From the Burning Man website: Radical Self-reliance: “Burning Man encourages the individual to discover, exercise and rely on his or her inner resources.”
People say that Burning Man will change your life. They say that you’ll go out to the desert and you’ll come back a different person. This is true for many people. After becoming a citizen of Black Rock City one button-up business-suit guy I knew became a wild and freaky traveler instead, with little money and no ties to a specific job or place. For other people, of course, nothing much changes. They enjoy Burning Man, but it’s a vacation. Other people say that Burning Man changed their lives, but when asked how, they can’t come up with something specific.

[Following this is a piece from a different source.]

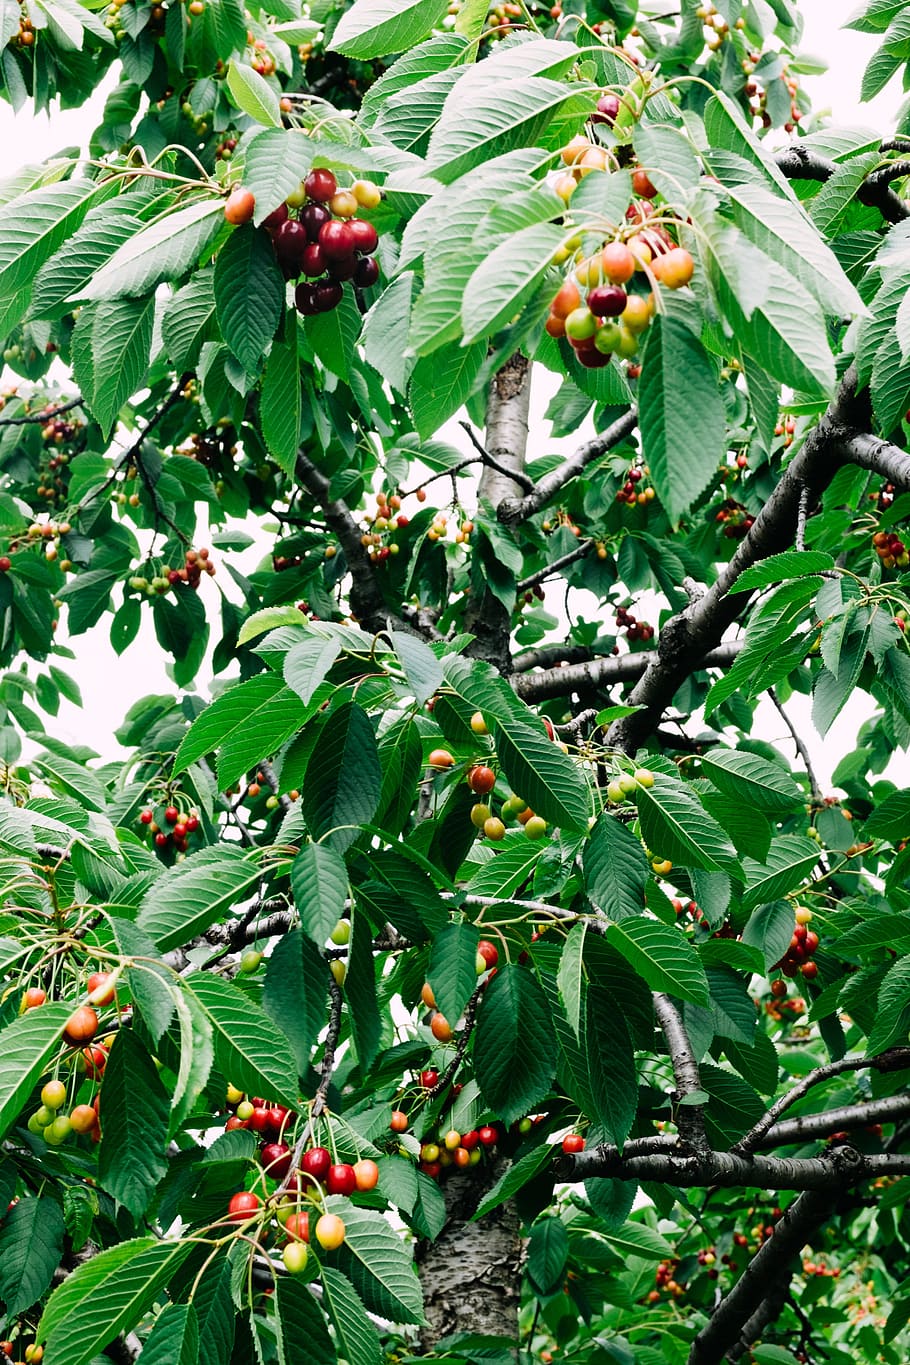 Cherries on tree, agriculture, background, berry, branch, bunch

I don’t claim that Burning Man changed my life. Where I am now is clearly a straight line from where I was before. Burning Man didn’t cause a gigantic veer in the road for me. However, if someone were to ask me, “How has Burning Man changed your life,” I could give a solid answer. Some of the things important to my life now were nurtured and augmented in the desert and I can easily see the marks that living in Black Rock City has left on the rest of my life.
Central to those changes is the principle of radical self-reliance.
|Photo by Darcy McCarty|
Radical self-reliance isn’t about having/being 100% of what you need 100% of the time. Humans are social animals, and we need our community/tribe/family/friends/lovers for all kinds of things all the time. Self-reliance isn’t an everything always proposition. Thinking of it that way makes the whole thing pretty daunting and less likely to make you happy.

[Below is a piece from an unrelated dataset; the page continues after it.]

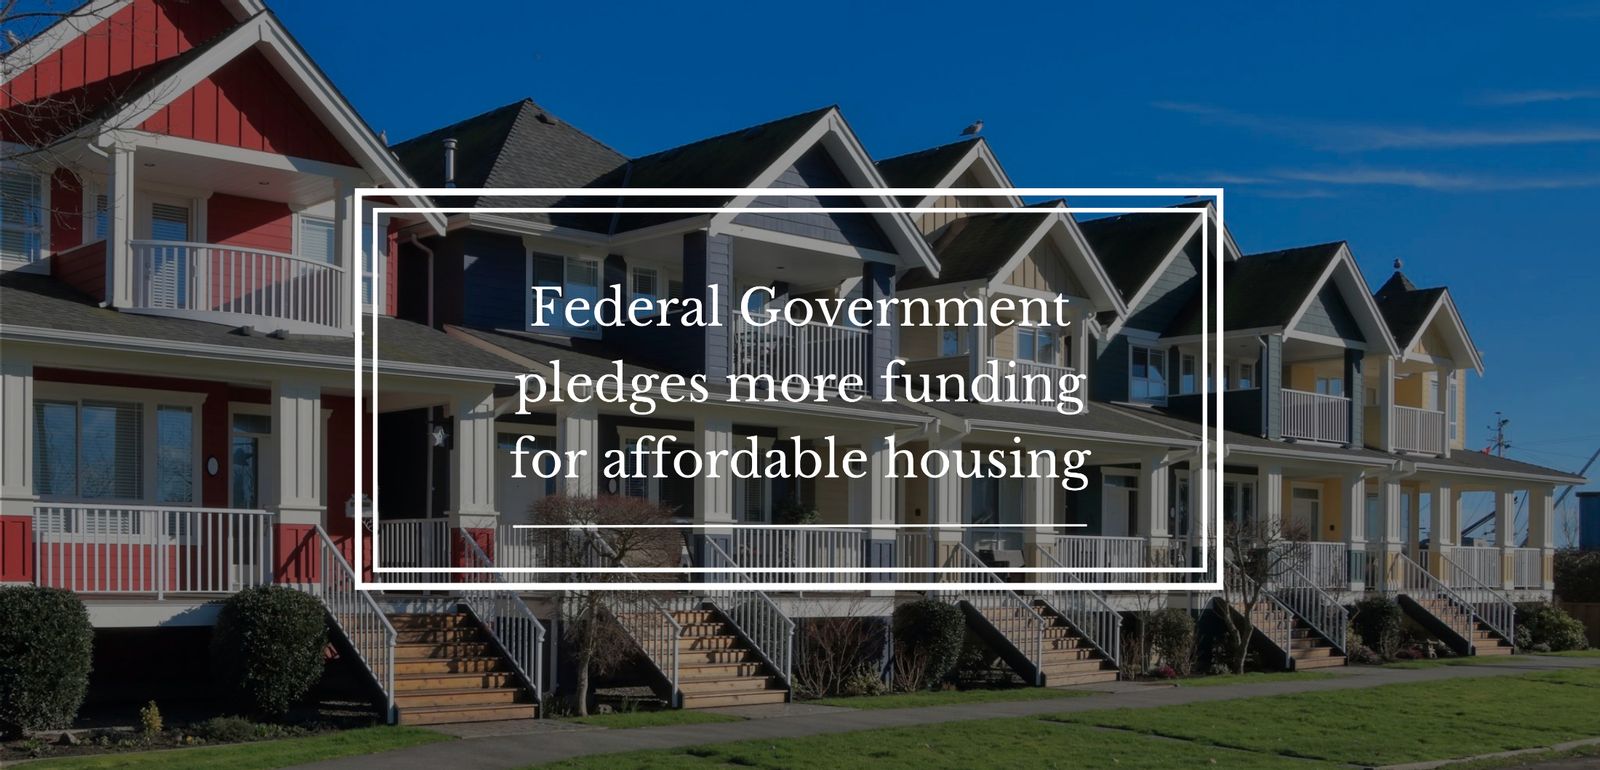 Federal Government pledges more funding for affordable housing

- Understand yourself and your circumstances.
- Think about the situations you’re likely to encounter and what you’ll need in them.
- Do what you can with what you have to prepare for those needs in advance.
- Trust that other people are doing the same.
- Don’t hesitate to ask when it turns out you don’t have something you need.
In Black Rock City, the necessity for this ideal is apparent. It’s a harsh, radical environment with no resources except the ones people brought with them. If you need shade, there are no trees under which to seek shelter. If you need water, there are no public fountains, rivers, lakes, or convenience marts. If you need special medical equipment, you’ve got to bring it with you. If you know you need peace and quiet, there’s no off button, so you’re going to need your own earplugs or white noise machine.
I like the interplay between self-reliance and gifting: if you don’t have what you need, someone else will probably have it, since they also planned for everything they needed, and all you have to do is ask. There’s also the communion with decommodification – since you have everything you need there’s no need to sell to you, and since there’s nothing to buy you have to bring everything you need.
In the rest of the world, the need for this ideal is less apparent to most people. Whenever we want something or a need arises, we go to the store and get it. (This isn’t true for everyone’s financial situation, of course, but this is the ideal the system is based on.) There’s no particular drive to have a certain amount of food on hand, because you can just go get more. If it’s suddenly cold outside and you don’t have a winter coat yet, you run out and buy one. If you get sick, you go buy medicine. If you need to repair something, you go buy the tools or hardware you need to fix it.
However, times of greater need can and do arise, and I sometimes worry that they will increase with the effects of post-oil and climate change. There are relatively mundane times of need, such as ice on the road so you can’t shop for a couple of days. Or you need medicine/food/tools/etc but the car is broken down and you’re stuck at home. And there’s the possibility of actual emergencies – big ones like earthquakes and floods and smaller ones like a storm that knocks the power out for a few days.
The principle of radical self-reliance was powerful enough to me at Burning Man that I have drawn it from the world of Black Rock City back into my day-to-day life.
How has Burning Man changed my life? I own a gun. I own 3 fire extinguishers. I own a battery pack that can jump start a car. I dress for the weather when I travel by car so that I’m prepared if I have to walk. I keep flashlights strategically placed around my house. I’m learning to grow my own food. I’m learning to raise my own food. I try to do these things with as few inputs as possible. I’m learning how to preserve that food so that I have some of it in the off seasons. I have reduced my dependence on disposable products and instead use things that last. I keep a stocked first aid kit in the house. I buy work/farm tools that don’t require gasoline. I keep stored water. I know how to distill water. I know CPR. I make friends with my neighbors because sometimes one person is prepared in ways another is not.
As I said, Burning Man didn’t really change my life, because most of these things are a predictable path from where I was before (except owning guns – that has a much more direct connection). I would say, though, that Burning Man heightened or focused my life. It made the value of self-reliance more stark in my mind.
There’s a certain freedom that arises when you’re ready for what comes your way, and this is magnified when those around you are also ready. I enjoy this freedom in Black Rock City, and I enjoy it in the rest of my life as well.